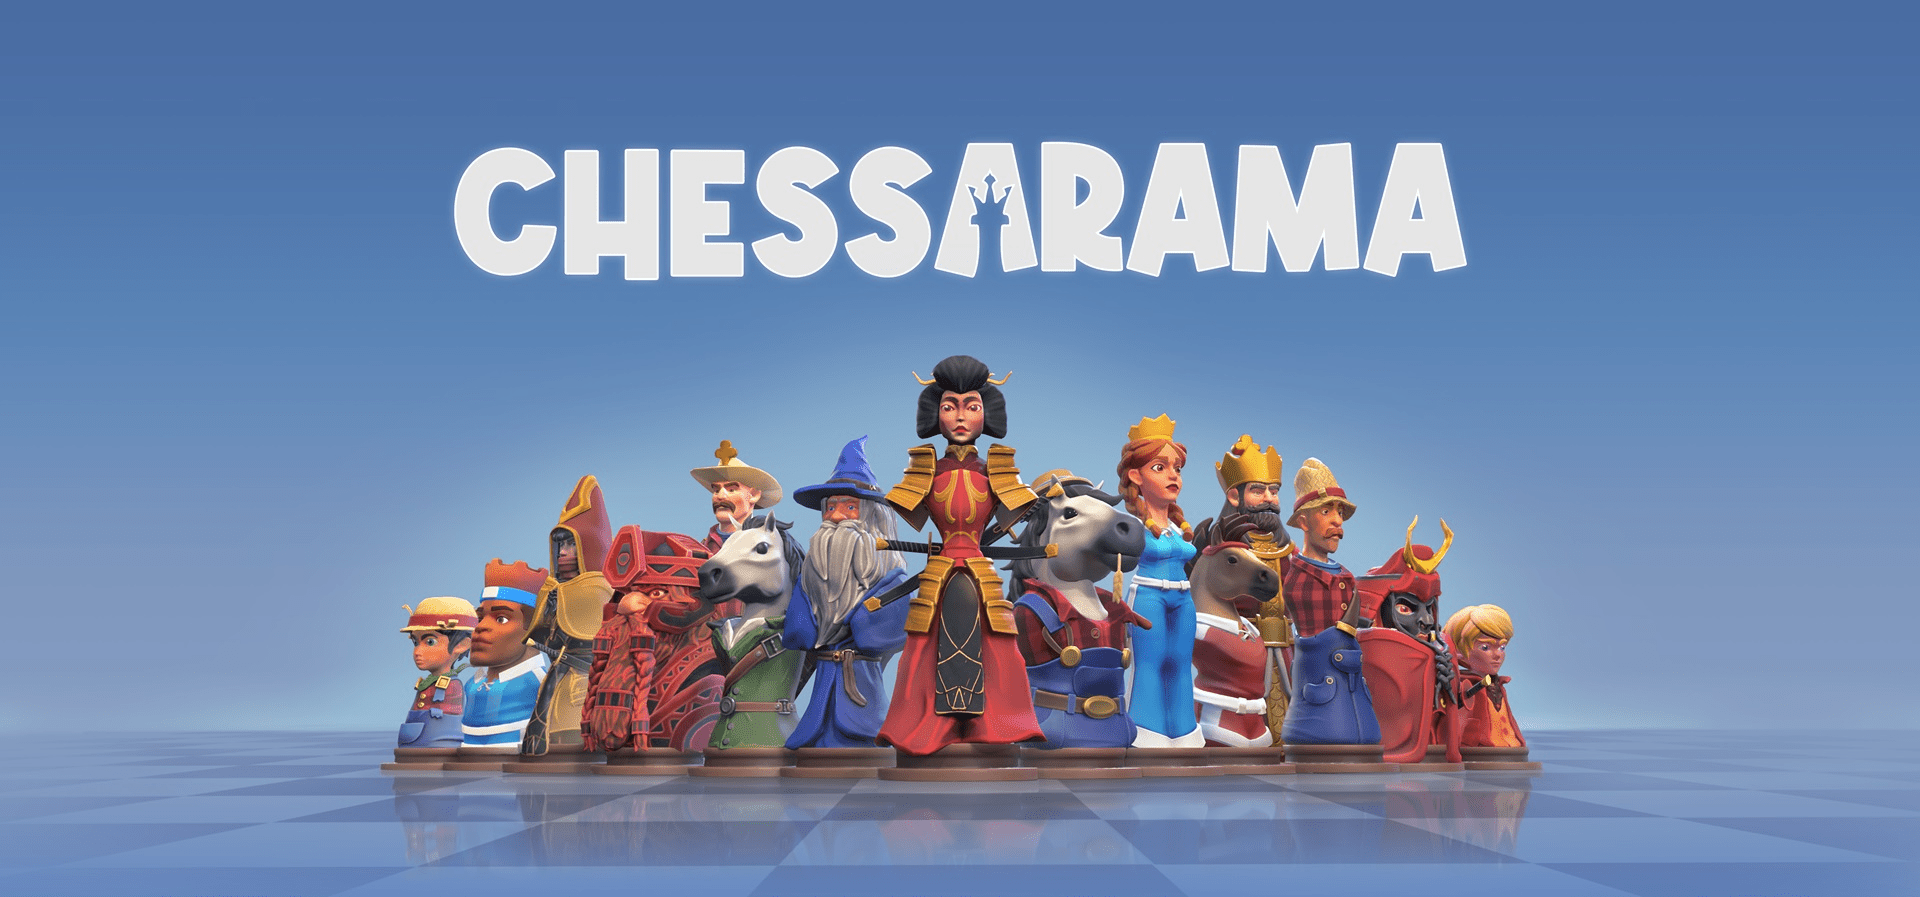 Chessarama: ganhe um tabuleiro assinado por lendas do xadrez - Adrenaline
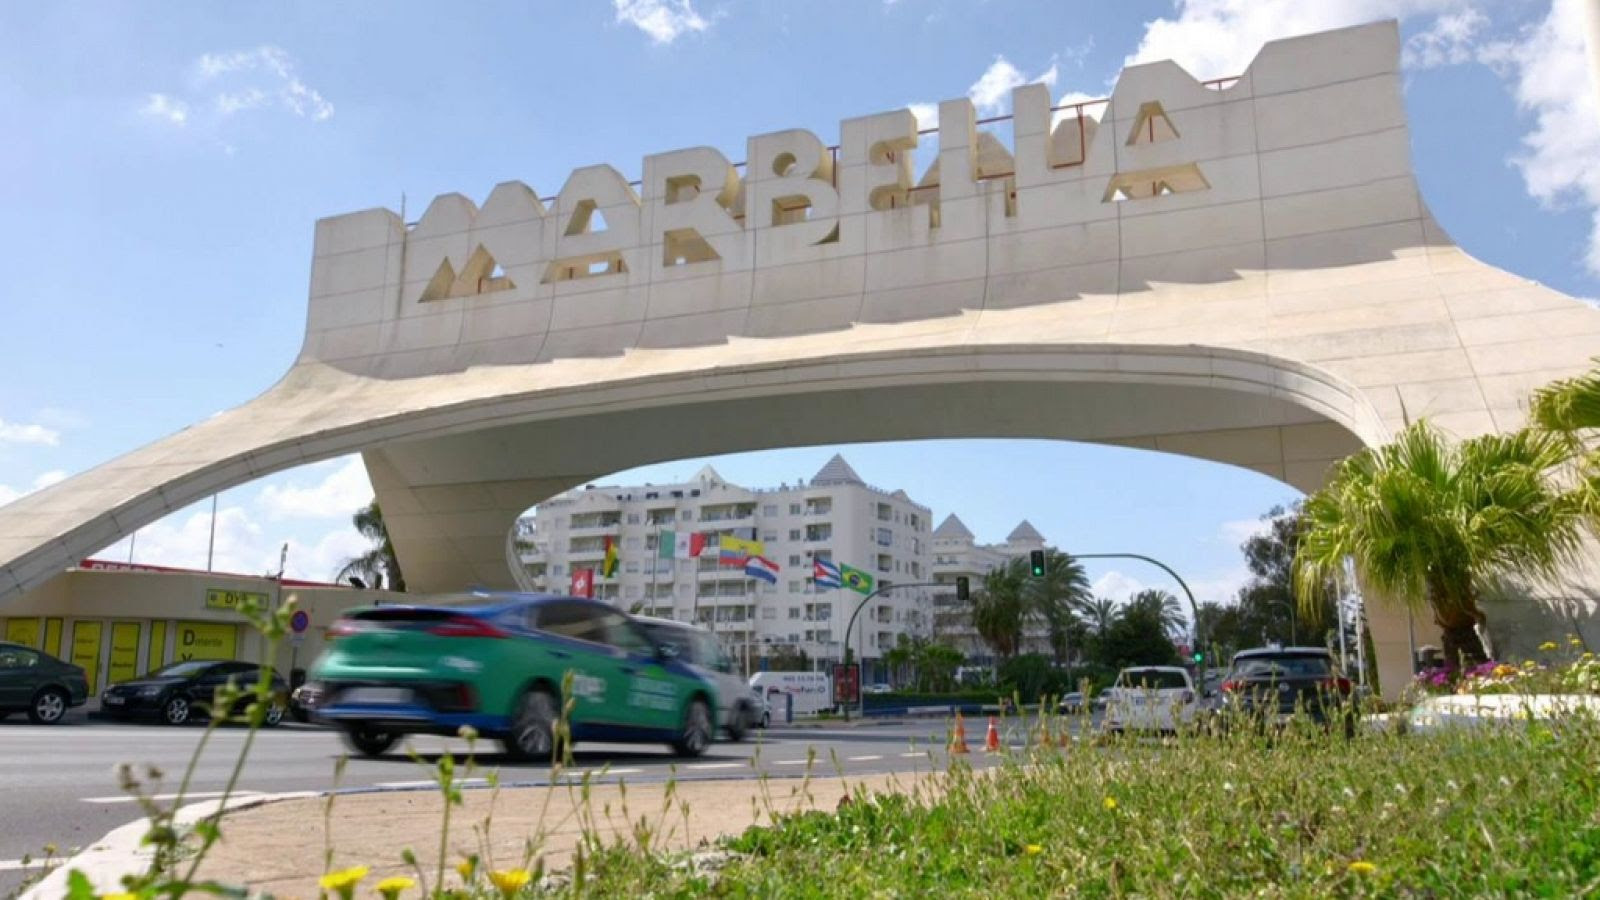 Arranca en verde - Marbella - ver  ahora
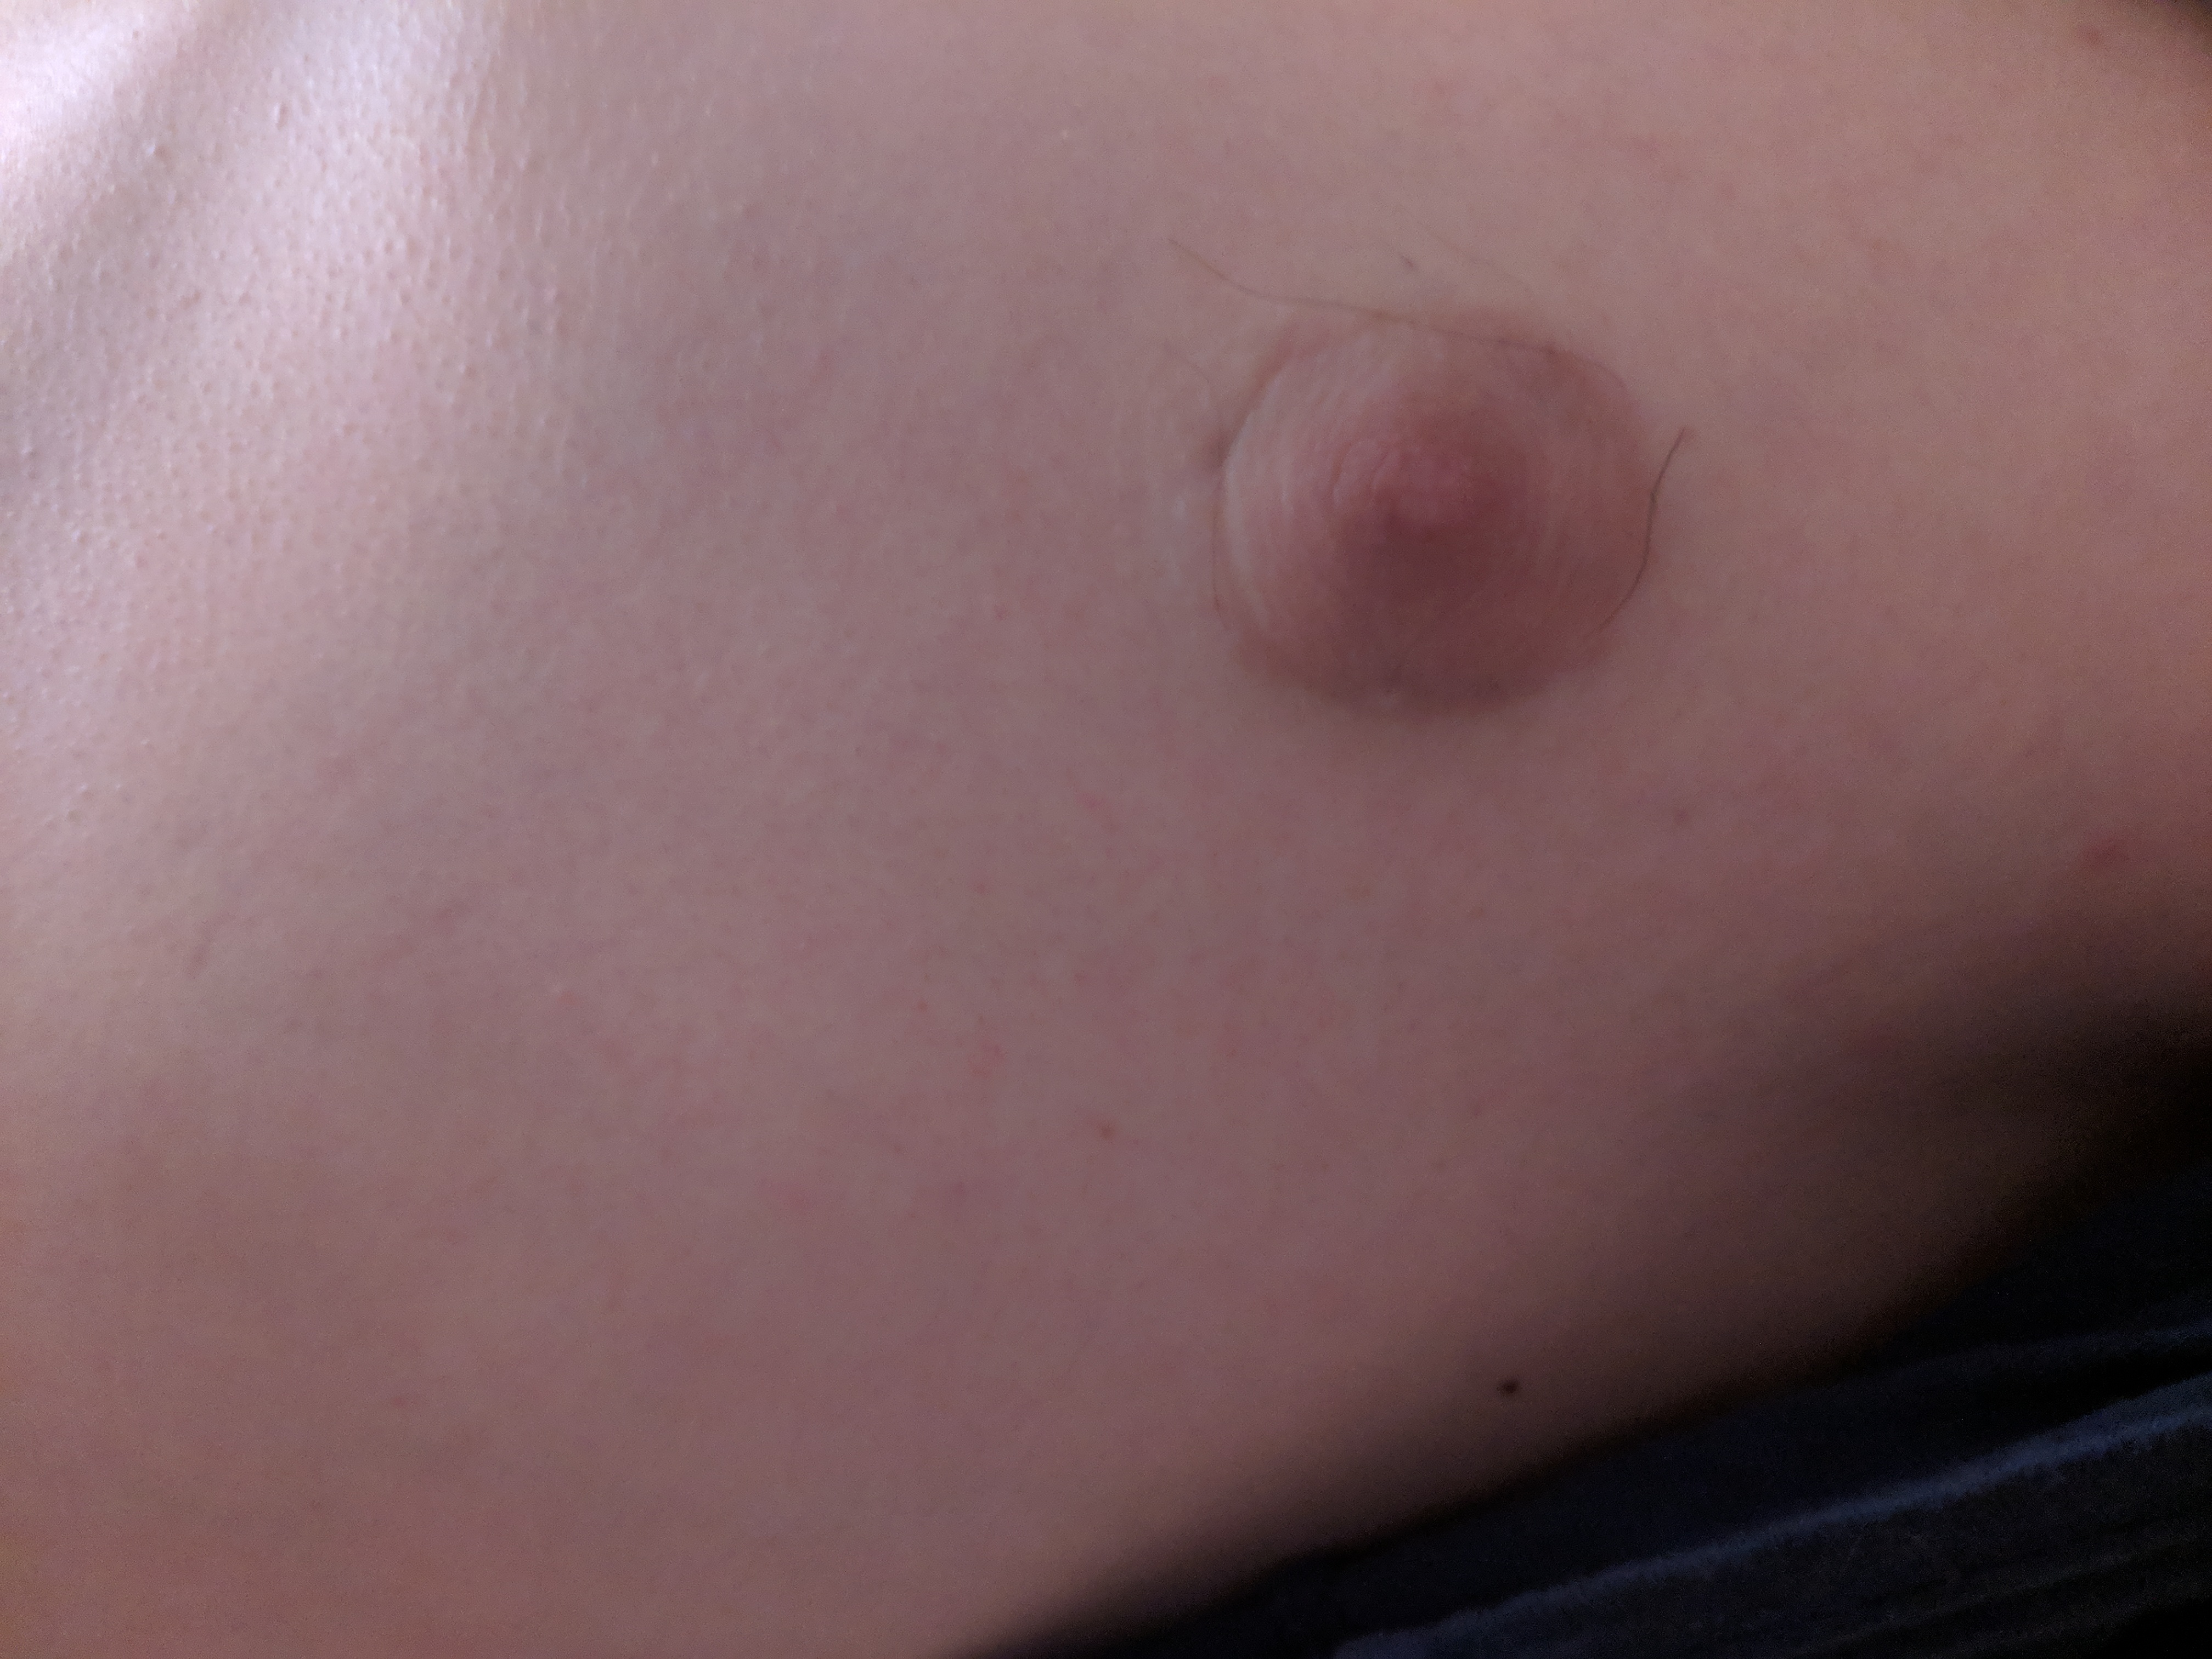 увеличенный сосок груди у мужчин фото 92

About this exercise: Line by line, return the listing above exactly, leaving out its pictures.

Response box:
 Chessarama: ganhe um tabuleiro assinado por lendas do xadrez - Adrenaline
 Arranca en verde - Marbella - ver  ahora
 увеличенный сосок груди у мужчин фото 92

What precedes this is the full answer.